Hard to say. Most people have IBS symptoms without an H.p. infection so it doesn't need to be there.A variety of GI symptoms are sometimes mentioned with H.p. infection and diarrhea can be one of them. However since both H.p. and IBS are very common you expect a lot of people to have both even if they are completely unrelated. What I mean is just because IBS symptoms are sometimes reported could be just because 10% or so of people with any disease also have IBS and since many are not diganosed diarrhea could be lumped in with the symptoms even when it is from IBS not the H.p.Also a lot of people do not have symptoms with their H.p. infection so it is hard to know what outside of the stomach issues it specifically causes are really related to the bug or not.Being able to colonize the part of the small intestine near the stomach doesn't mean it can colonize the colon and cause problems there. The ecology is very different in those to parts of the GI tract.K.


----------



## Prudy (Jan 21, 2006)

Because the H-Pylori treatment is quite severe to your system.. but very necessary.. as this can lead to stomach CA if not treated effectively.. I suggest that you eat a good yogurt with active cultures in it or start taking probotics so you don't end up with worse problems.. after the antibotic is completed..This puts back the good bacteria we need in our intestines.. It just may be that once this is treated.. Your D will be improved.. I hope so..


----------



## bramhendra (Jun 17, 2004)

babyblue said:


> I believe I have ids-d. After reading all the posts i think it may have started after a bad food poisoning episode. I just had endoscopy/colonoscopy. Was found to have inflammation in my esophagus and H. Pylori infection in my stomach. The biopsy's info will be back next week. Is it possible that the infection is causing or contributing to my diarrhea? I have researched and the H. Pylori can be in the duodenum as well as the stomach. I am currently taking rifaximin and then will start the antibiotic triple therapy for the H. Pylori. thanks


I recently took a course of antibiotics for the eradication of HB Pylori. It did not do anything for my IBS-D.


----------



## 22468 (Aug 21, 2005)

[quote name='bramhendra' date='Aug 5 2007, 11:45 PM' post='684625']I recently took a course of antibiotics for the eradication of HB Pylori. It did not do anything for my IBS-D.I believe my Microscopic colitis/IBS-D all started w/"the cure" for H.P using the Prevpac for the cure. It did cure the hp but the prevacid in the pac contributed to my probs. I now take Prilosec 10mg/daily for GERD, & feel I need to get off that as most PPI's cause GI probs.
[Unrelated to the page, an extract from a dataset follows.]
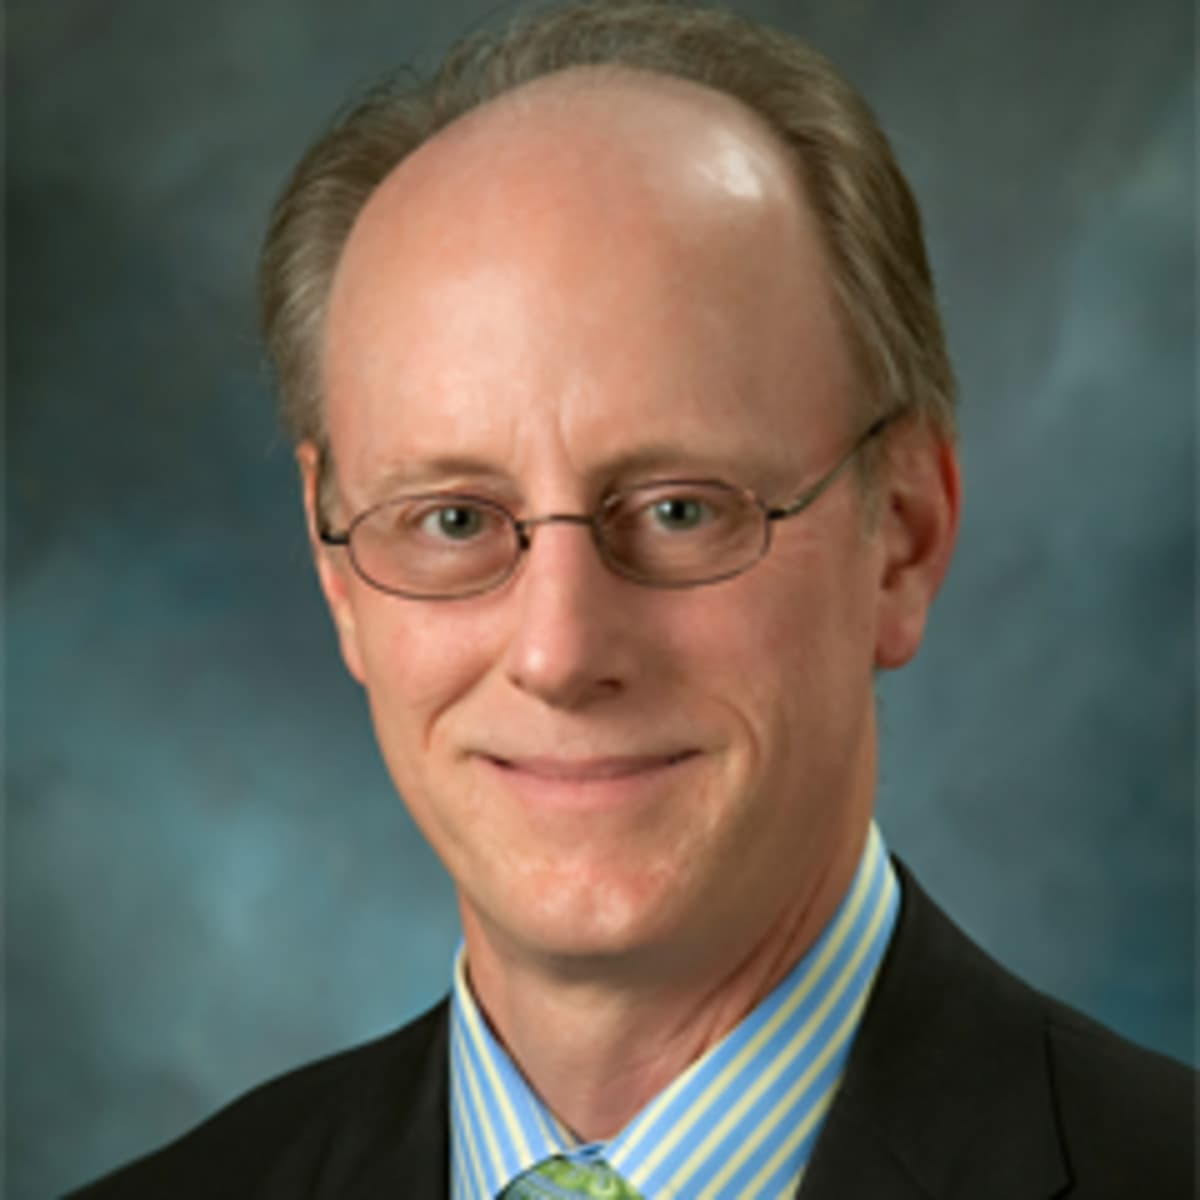 Credentials Dr Mark Hermanson Md Bettendorf Ia

Most folks on my colitis board contribute having MC to PPI's & the use of anti-inflammatories. I tried every otc antacid, to no avail. And I feel that worsened things also. Hopefully you can get by w/just the use of anti-biotics. And like was mentioned, take yogart & acidophilus for building up your good flora in the intestines. JMHO...Wish you luck...Luv


----------



## 18491 (Apr 20, 2007)

babyblue said:


> I believe I have ids-d. After reading all the posts i think it may have started after a bad food poisoning episode. I just had endoscopy/colonoscopy. Was found to have inflammation in my esophagus and H. Pylori infection in my stomach. The biopsy's info will be back next week. Is it possible that the infection is causing or contributing to my diarrhea? I have researched and the H. Pylori can be in the duodenum as well as the stomach. I am currently taking rifaximin and then will start the antibiotic triple therapy for the H. Pylori. thanks


Your story sounds a lot like mine: I did not have all these problems until an apparent food poisoning episode in 2004. When my symtoms did not resolve (I had stopped vomiting but had nonstop GERD and diarhhea) I saw a doctor and learned I had H pylori. The PrevPac remedied that, but symptoms returned once I completed that course. Since then I have been pretty miserable for much of the time. I have GERD, had a cholecystectomy, have horrible, horrible bloating, and alternate between D and C. I have also had poor information from my treating physician. However, I recently found a new docotr---a PA, actrually---who talked with me for more than an hour. She told me of a Dr Mark Pimetel who is doing research on people who seem to have aquired IBS in a sudden onset. Dr Pimentel is using the drug usually prescribed for "traveler's diarhhea" to treat such cases. However, since it is being used "off label" it is not approved for people like me. Dr Pimentel has a paper called "A New IBS Solution." My PA was pretty excited about this research.


----------



## eric (Jul 8, 1999)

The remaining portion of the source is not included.